Data records:
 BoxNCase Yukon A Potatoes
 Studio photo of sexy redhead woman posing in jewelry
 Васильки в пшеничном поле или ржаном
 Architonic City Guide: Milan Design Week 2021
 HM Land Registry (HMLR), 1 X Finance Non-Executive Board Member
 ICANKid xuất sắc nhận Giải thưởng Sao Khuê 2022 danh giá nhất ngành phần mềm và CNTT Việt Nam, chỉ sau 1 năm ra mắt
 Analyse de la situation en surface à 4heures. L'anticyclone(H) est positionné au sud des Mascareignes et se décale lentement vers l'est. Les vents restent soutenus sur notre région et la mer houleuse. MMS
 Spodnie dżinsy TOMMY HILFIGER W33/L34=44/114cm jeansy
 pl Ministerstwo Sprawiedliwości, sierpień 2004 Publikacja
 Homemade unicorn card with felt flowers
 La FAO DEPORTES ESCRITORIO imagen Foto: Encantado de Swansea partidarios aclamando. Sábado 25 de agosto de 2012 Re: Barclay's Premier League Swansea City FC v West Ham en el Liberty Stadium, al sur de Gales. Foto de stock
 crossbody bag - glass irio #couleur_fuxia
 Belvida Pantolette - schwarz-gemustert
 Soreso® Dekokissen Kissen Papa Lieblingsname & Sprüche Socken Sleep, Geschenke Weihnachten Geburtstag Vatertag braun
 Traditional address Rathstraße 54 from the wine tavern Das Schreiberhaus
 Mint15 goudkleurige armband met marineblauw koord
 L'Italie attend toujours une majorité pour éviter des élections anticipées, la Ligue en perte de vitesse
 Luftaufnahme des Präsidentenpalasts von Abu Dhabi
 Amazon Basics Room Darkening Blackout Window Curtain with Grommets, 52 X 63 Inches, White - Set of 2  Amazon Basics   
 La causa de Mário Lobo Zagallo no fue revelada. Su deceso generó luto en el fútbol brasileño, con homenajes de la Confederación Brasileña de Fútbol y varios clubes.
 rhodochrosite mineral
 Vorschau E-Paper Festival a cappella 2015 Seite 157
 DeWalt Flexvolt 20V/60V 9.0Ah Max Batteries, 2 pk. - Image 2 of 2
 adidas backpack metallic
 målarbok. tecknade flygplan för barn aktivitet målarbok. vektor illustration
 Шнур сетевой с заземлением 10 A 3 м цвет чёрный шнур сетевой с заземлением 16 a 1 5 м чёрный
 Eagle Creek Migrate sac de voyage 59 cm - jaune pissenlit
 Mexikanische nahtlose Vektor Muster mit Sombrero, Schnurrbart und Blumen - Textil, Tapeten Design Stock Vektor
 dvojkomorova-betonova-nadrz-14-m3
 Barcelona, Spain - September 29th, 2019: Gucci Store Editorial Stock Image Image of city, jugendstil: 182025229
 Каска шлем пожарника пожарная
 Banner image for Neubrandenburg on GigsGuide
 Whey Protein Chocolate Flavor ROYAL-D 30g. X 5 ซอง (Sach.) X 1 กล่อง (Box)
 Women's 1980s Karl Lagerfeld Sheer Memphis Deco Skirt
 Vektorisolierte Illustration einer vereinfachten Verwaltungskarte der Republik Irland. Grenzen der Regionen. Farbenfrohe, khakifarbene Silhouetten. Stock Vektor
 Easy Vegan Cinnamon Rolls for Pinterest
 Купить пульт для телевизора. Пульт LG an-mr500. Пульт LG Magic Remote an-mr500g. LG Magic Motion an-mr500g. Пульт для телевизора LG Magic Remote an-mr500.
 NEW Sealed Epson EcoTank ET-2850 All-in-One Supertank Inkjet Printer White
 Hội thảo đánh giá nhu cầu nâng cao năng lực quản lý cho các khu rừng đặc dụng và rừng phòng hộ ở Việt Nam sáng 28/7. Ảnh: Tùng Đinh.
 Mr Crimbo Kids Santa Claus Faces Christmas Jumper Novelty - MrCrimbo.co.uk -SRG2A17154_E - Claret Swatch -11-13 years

__TASK DESCRIPTION__.
In the entries above, one line contains "Homemade unicorn card with felt flowers" and another contains "crossbody bag - glass irio #couleur_fuxia". Reproduce exactly those two lines and the lines between them, nothing else.

__ANSWER BELOW__.
 Homemade unicorn card with felt flowers
 La FAO DEPORTES ESCRITORIO imagen Foto: Encantado de Swansea partidarios aclamando. Sábado 25 de agosto de 2012 Re: Barclay's Premier League Swansea City FC v West Ham en el Liberty Stadium, al sur de Gales. Foto de stock
 crossbody bag - glass irio #couleur_fuxia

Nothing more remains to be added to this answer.